An international team of neuroscientists has demonstrated that human brain organoids when implanted in the cerebral cortex region of a mice can respond to external sensory stimuli.
Brain organoid, here, refers to a three-dimensional tissue that is made from skin cells.
Neuro stem cell grows itself – provided it has the right combination of sugars, proteins, vitamins, and minerals that would induce a stem cell to develop a neuro identity – much like a plant from a seed. All it needs are brain equivalence of soil, water, and sunlight – a specific gel to simulate embryonic tissue, a warm incubator set at body temperature and a bit of motion to mimic blood flow.
All these parameters when set in the right direction give rise to a very small version of an early developing human brain. Complete with neurons, it can connect to one another and make simplified neural networks.
Is mental illness genetic?
It has been observed that any form of mental illness has a genetic component. For instance, autism, bipolar disorder, schizophrenia, and depression are more closely tied to genetics. However, what cell types do those genes affect and on which circuits do those cells sit is still a mystery.
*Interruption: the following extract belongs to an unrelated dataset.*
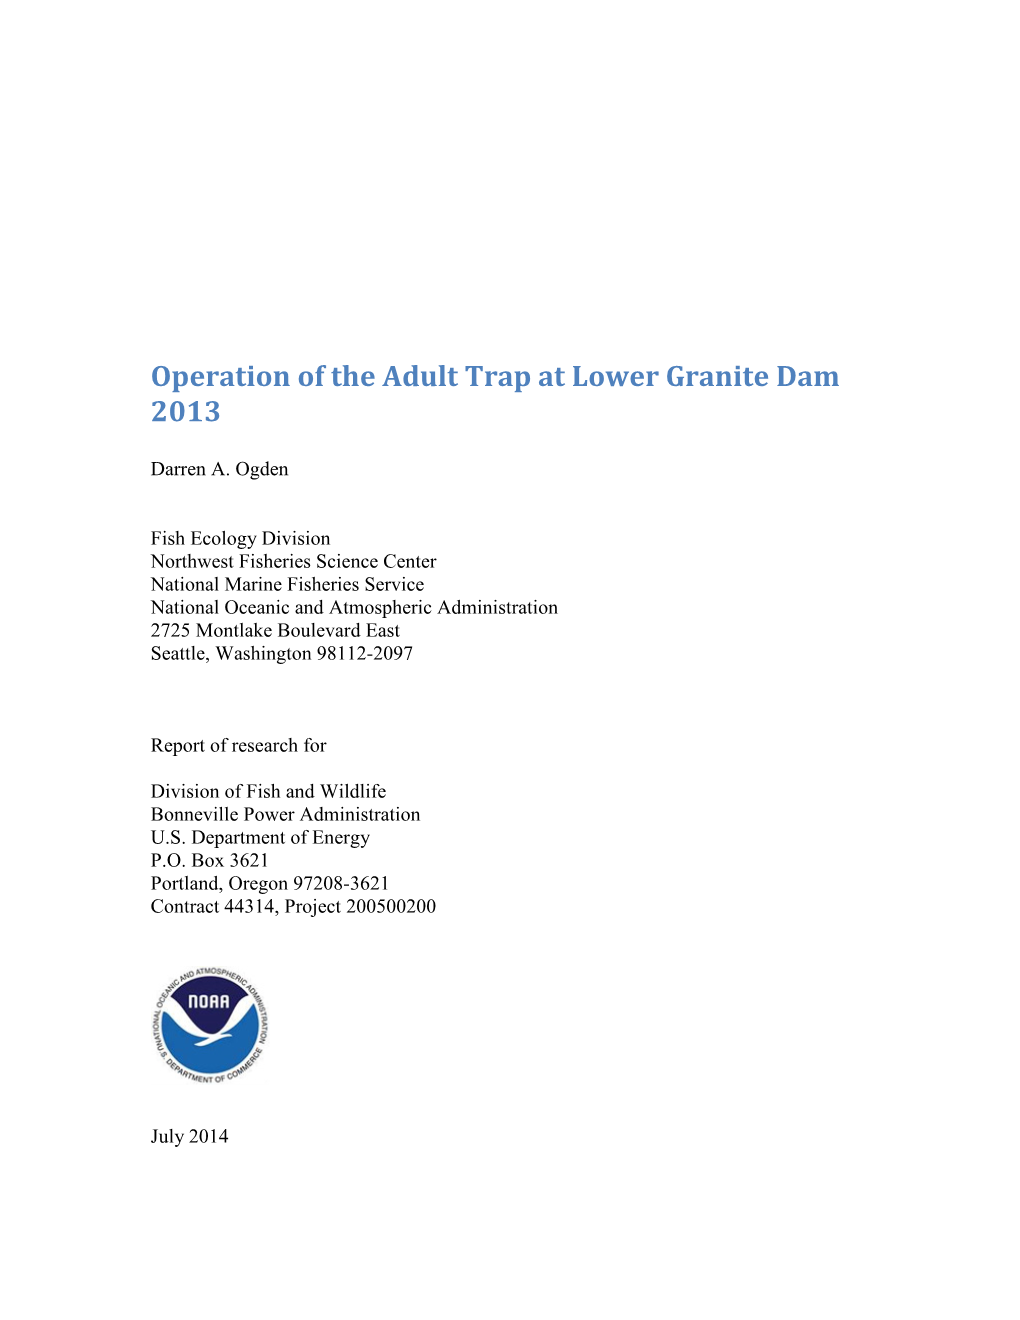 Operation of the Adult Trap at Lower Granite Dam 2013
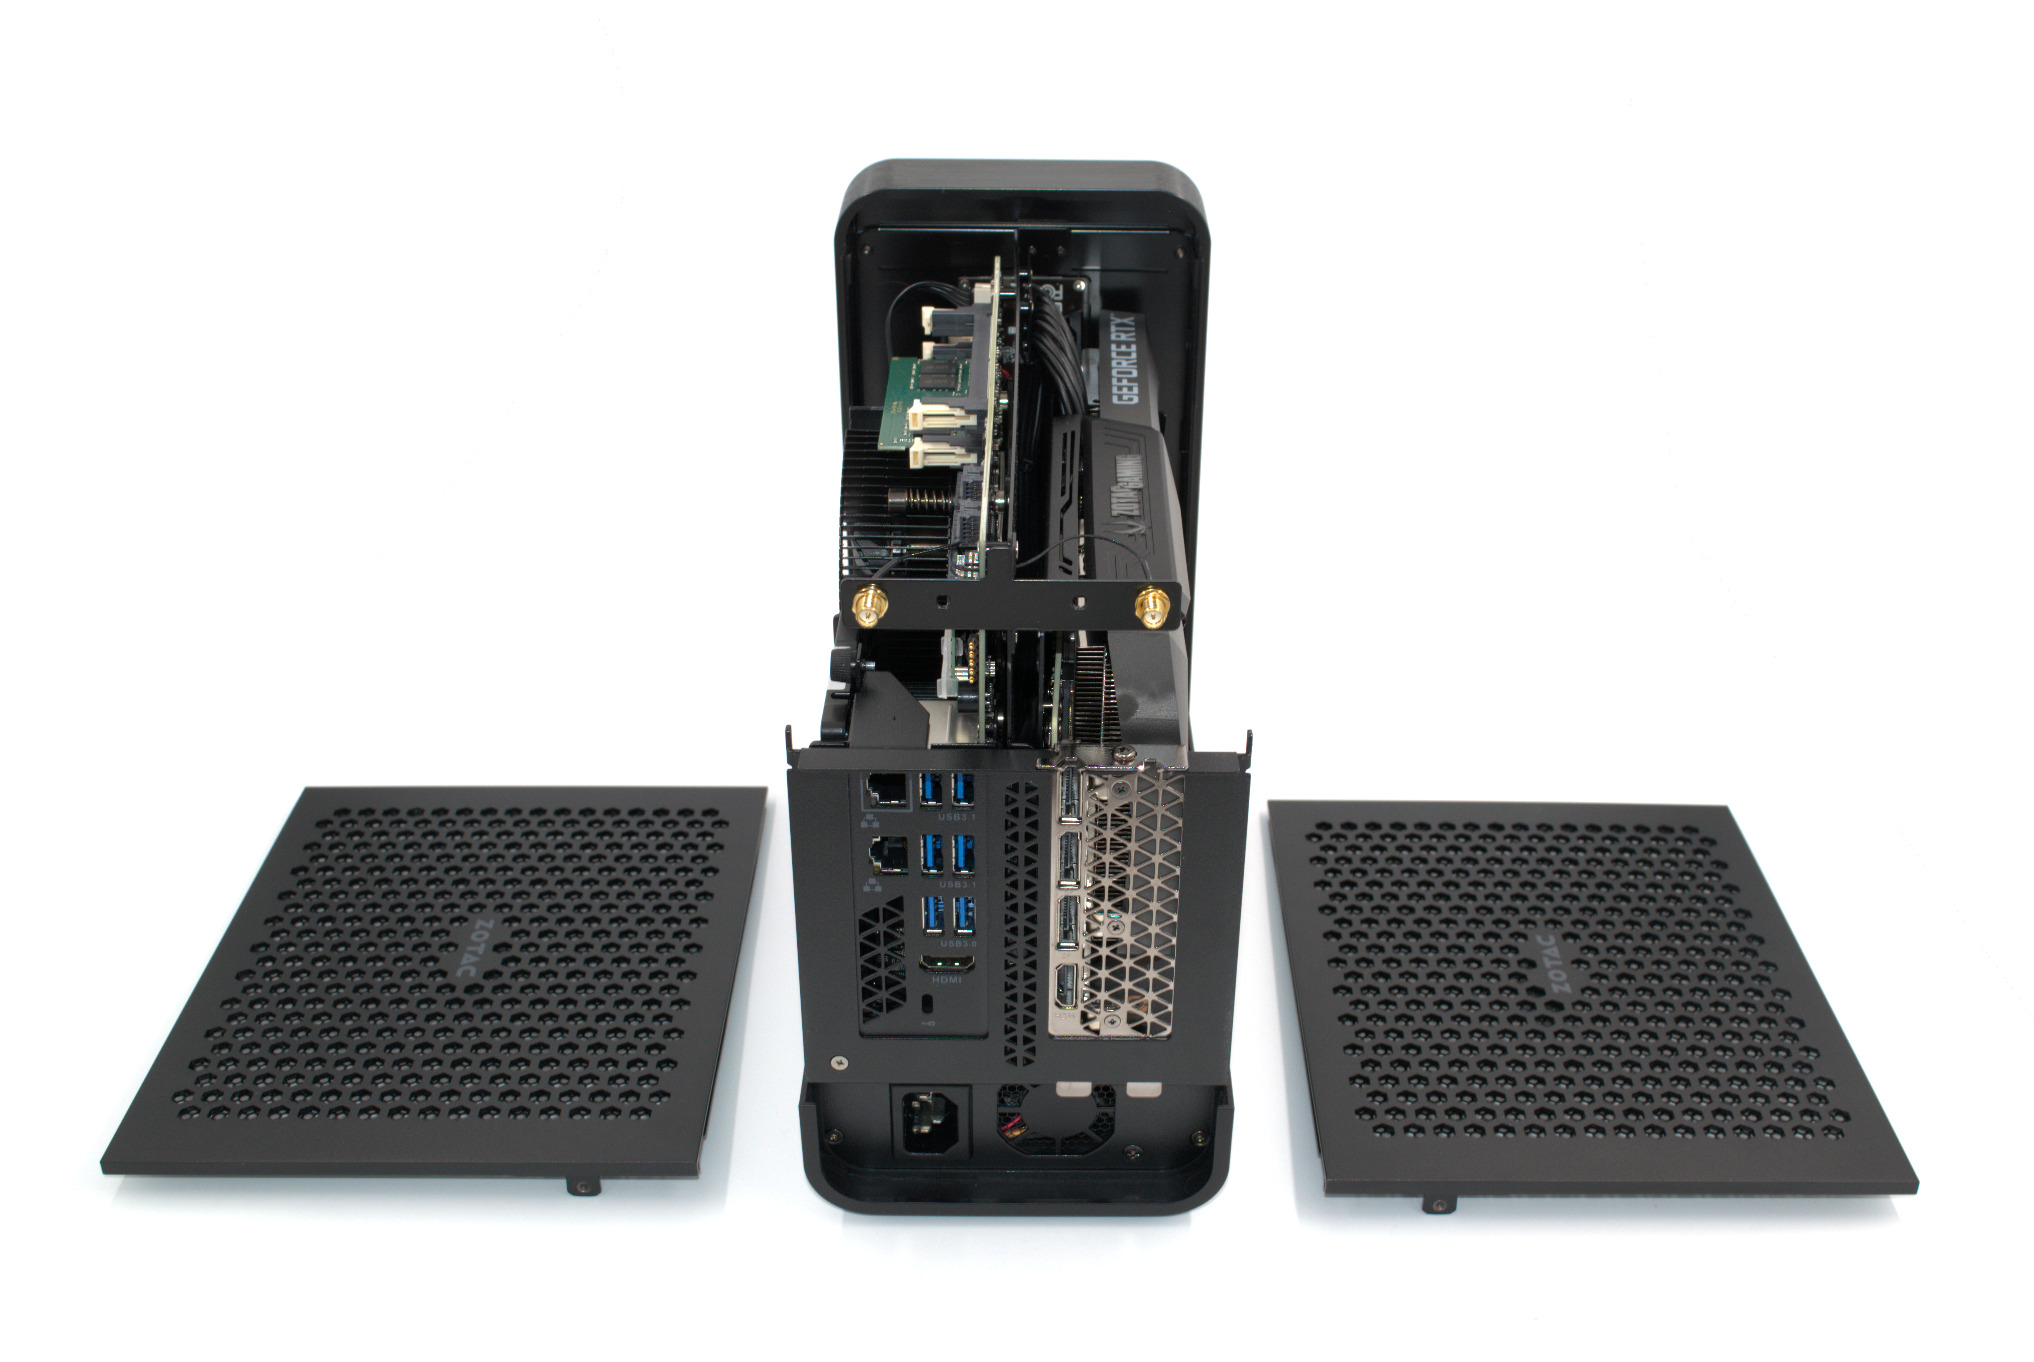 Ontdek Stereotype lied Zotac ZBOX MAGNUS ONE SFF Gaming PC Review: Desktop Comet Lake Charges Up  with Ampere

According to Dr. Sergiu Pasca, “what we have learned from oncology is that therapeutic advances come when you leverage the power of molecular biology, that is, when you actually put it work at cells of interest.”
Technologies that can help scientists understand the brain function are limited. And most importantly, tracking mental activity that has a shelf life of mere milliseconds, just does not exist.
To solve this problem, research group at UC San Diego collaborated with Anna Devor’s lab at Boston University and Fred H. Gage’s lab at the Salk Institute.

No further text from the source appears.